5. Is there anything else that you would like people to know about you and/or your writing?

I love to read what I write, I think this is a certain measure of quality. I write short stories, poetry (English and Romanian), and some auto-bio material. I am part of everything I write, I do not write for others (though it would be nice to be discovered and appreciated), I write mainly for myself. I love helping others with their writing and I am always delighted to find writers who are more talented than myself, it is a kind of “beautiful masochism” that I delight in. I do not have any official writing degree, yet I do believe (sorry for this bit of immodesty) that I am naturally talented in this aspect. And I am not alone in it.

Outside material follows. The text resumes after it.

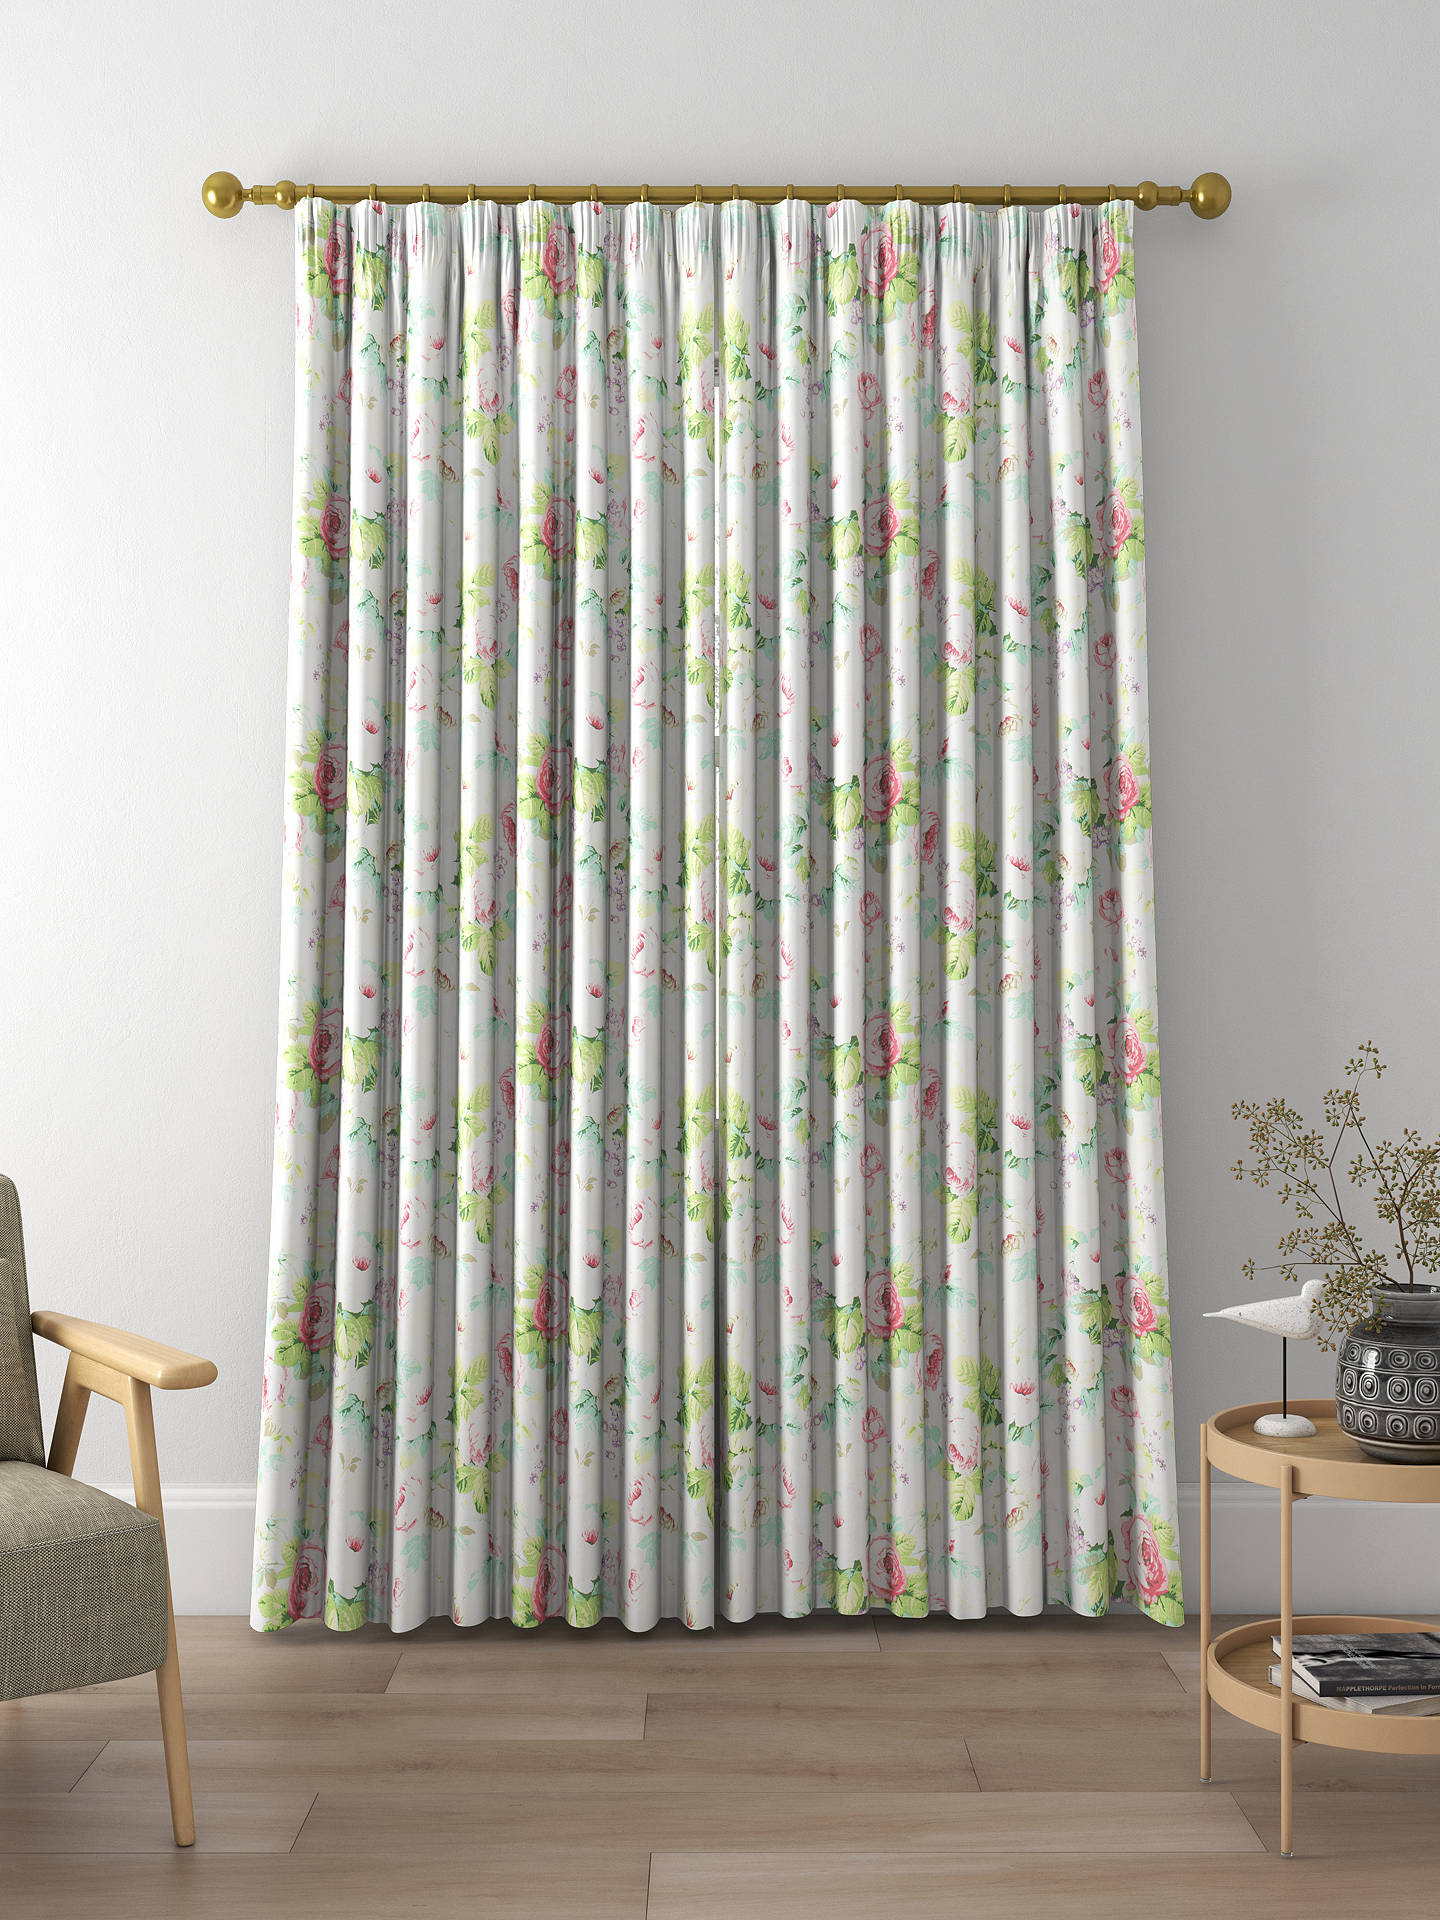 Sanderson Chelsea Made to Measure Curtains, Pink/Celadon

Yossi Faybish was born in Romania, where he spent his childhood absorbing a rich cultural heritage seeping through the imperfect seals of an oppressive system. He finished his higher studies in Israel, and then wandered away with his job and his family, finally ending in Belgium. He works in and is passionate about the high-tech industry, though writing is a serious runner-up; or maybe it’s the other way around. Yossi writes prose and poetry in a variety of styles and languages, mainly English and Romanian. “I want people to know not the what but the way I think,” he says. yossifaybish.com. aquillrelle.com.